Nora Lustig (born January 13, 1951) is an Argentine economist. She is the Samuel Z. Stone Professor of Latin American Economics and the Director of the CEQ Institute at Tulane University, and a non-resident Fellow at the Center for Global Development and the Inter-American Dialogue.

Nora Lustig was born and raised in Buenos Aires, Argentina and has spent most of her adult life in the United States and Mexico. She received her doctorate in economics from the University of California, Berkeley.

==Career and awards==
Lustig was the lead author of the World Development Report 2000/1 “Attacking Poverty” (World Bank). Analyzing the dynamics of the Mexican economy has been the other main focus of her research. Her study Mexico, the Remaking of an Economy (Brookings Institution, 1992 and 1998) was selected by Choice magazine as an Outstanding Academic Book.

As co-founder and president of LACEA (Latin American and Caribbean Economic Association), she played a pivotal role in the creation and consolidation of the leading association of economists focused on Latin America, the launching of LACEA's journal Economia and the organization of LACEA's Network on Inequality and Poverty.
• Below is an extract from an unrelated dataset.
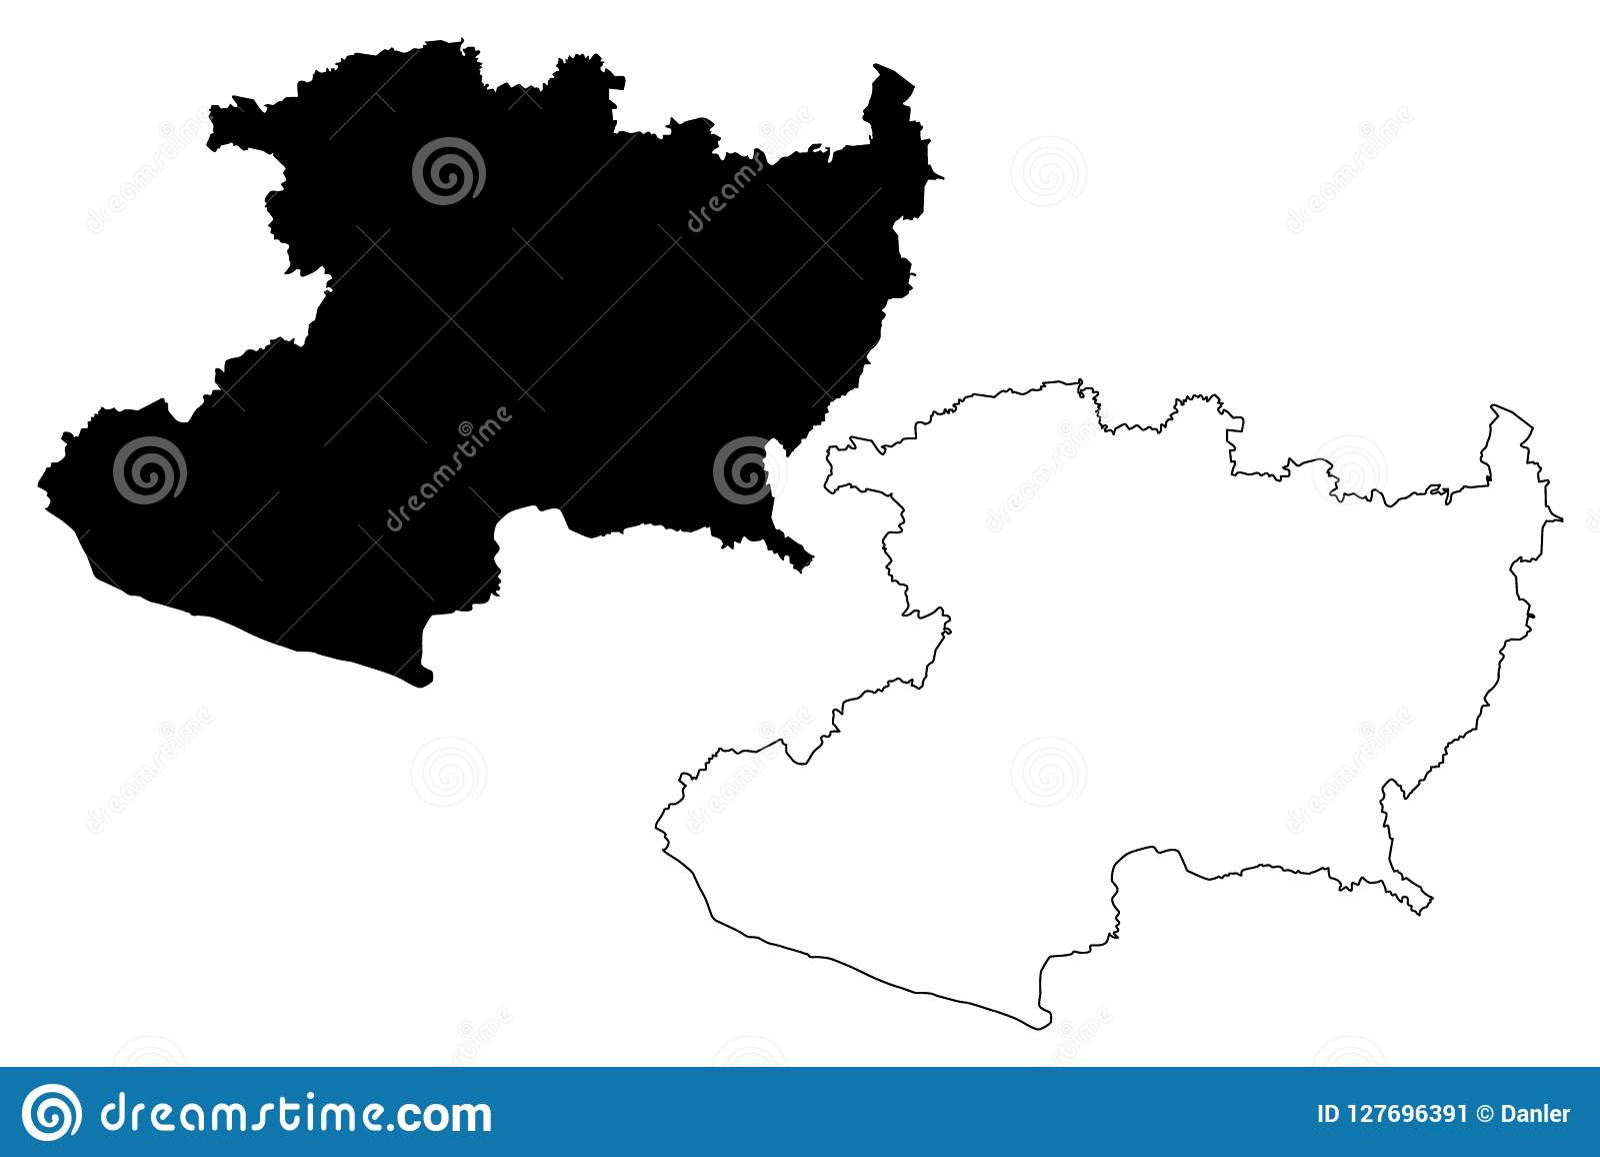 Michoacan map vector stock vector. Illustration of icon - 127696391

She is affiliated with the Inter-American Dialogue, the Earth Institute and the Institute of Development Studies.

From 2001 to 2005, she served as rector of the University of the Americas (UDLAP) in Puebla, Mexico. She is also a Non-Resident Senior Fellow & a Project Director for the Commitment to Equity at the Inter-American Dialogue.

In 2016 Lustig received the Lawrence M. v. D. Schloss Prize for Excellence in Research.
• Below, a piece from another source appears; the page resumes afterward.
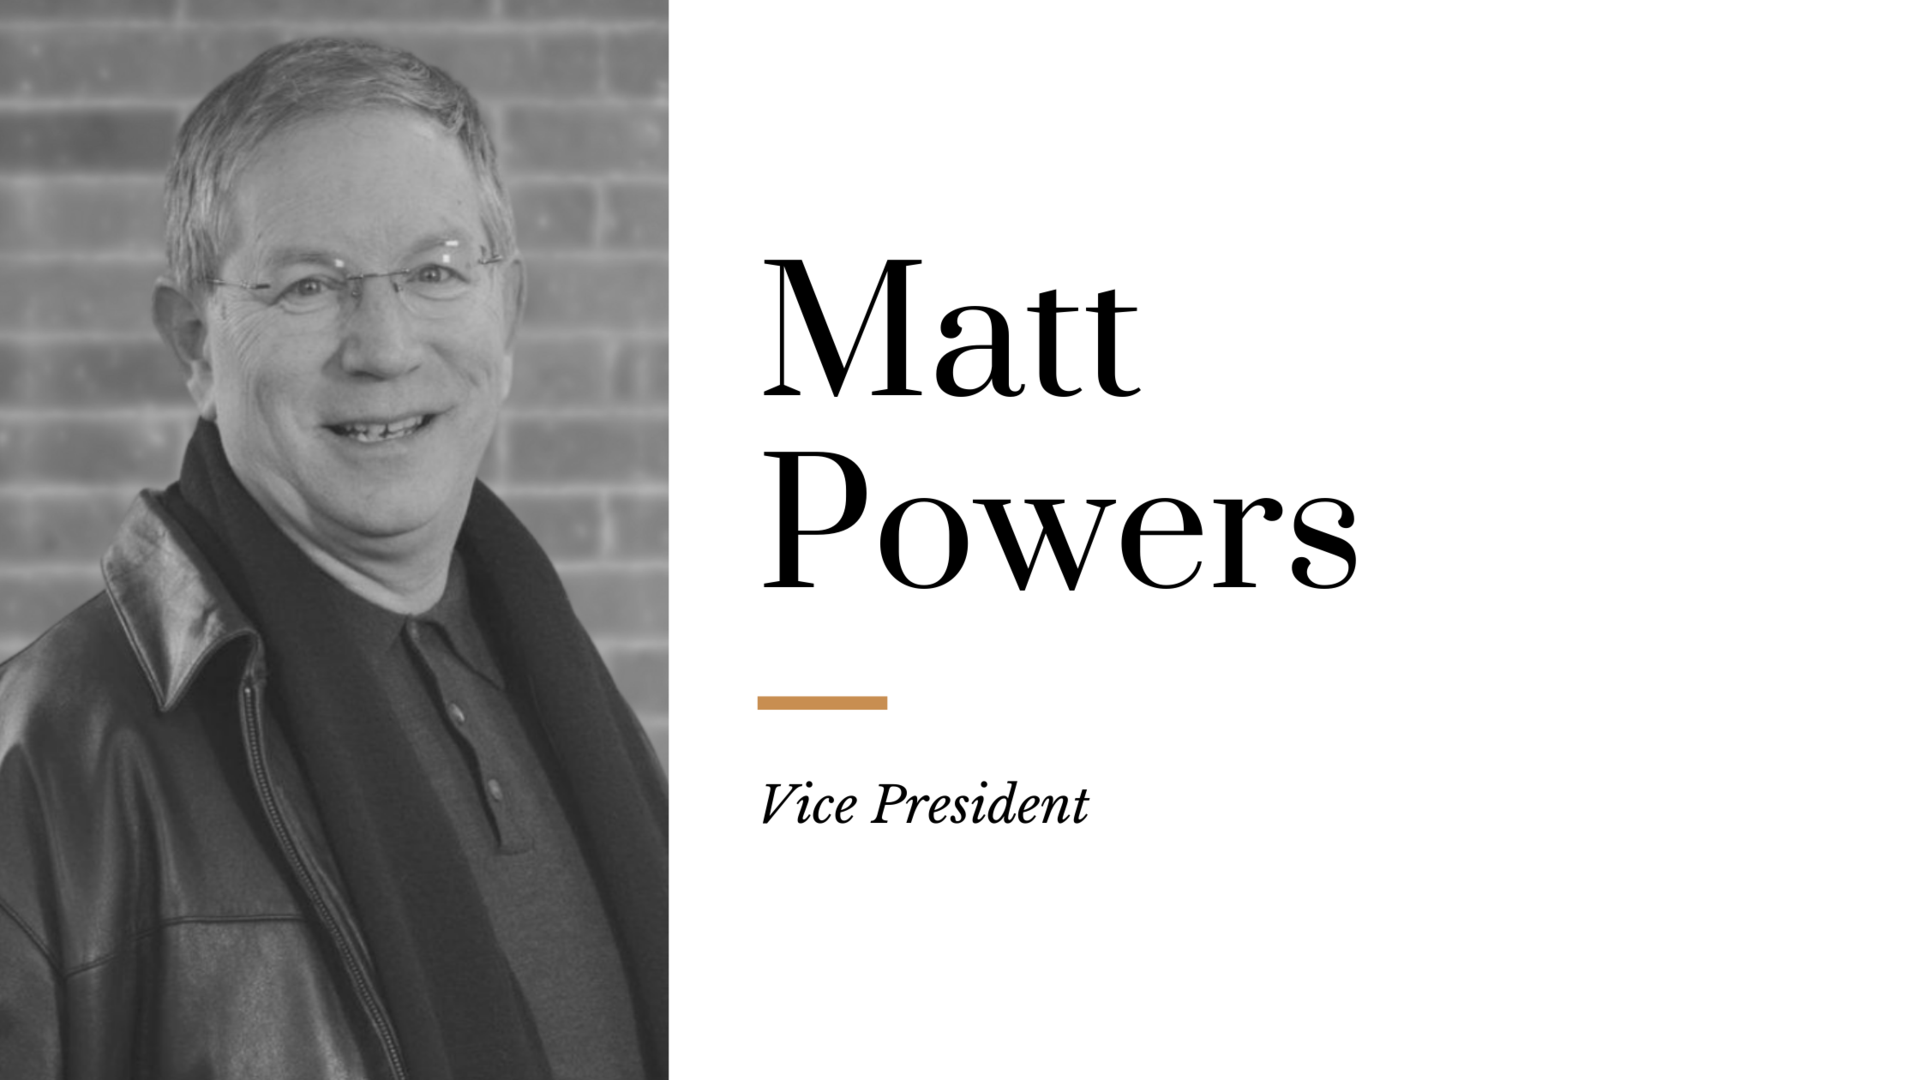 Matt Powers - Vice President

== Selected publications ==

=== Books ===
- Lustig, Nora (1998). "Mexico the remaking of an economy"
- Lustig, Nora (1995). "Coping with austerity: poverty and inequality in Latin America"
- "Labor markets in Latin America combining social protection with market flexibility" (1997)
- Lustig, Nora (2001). "Shielding the poor: social protection in the developing world"
- Lustig, Nora (2005). "The microeconomics of income distribution dynamics: in East Asia and Latin America"
- "Declining inequality in Latin America: a decade of progress?" (2010) Table of contents. Sample chapter. Available online.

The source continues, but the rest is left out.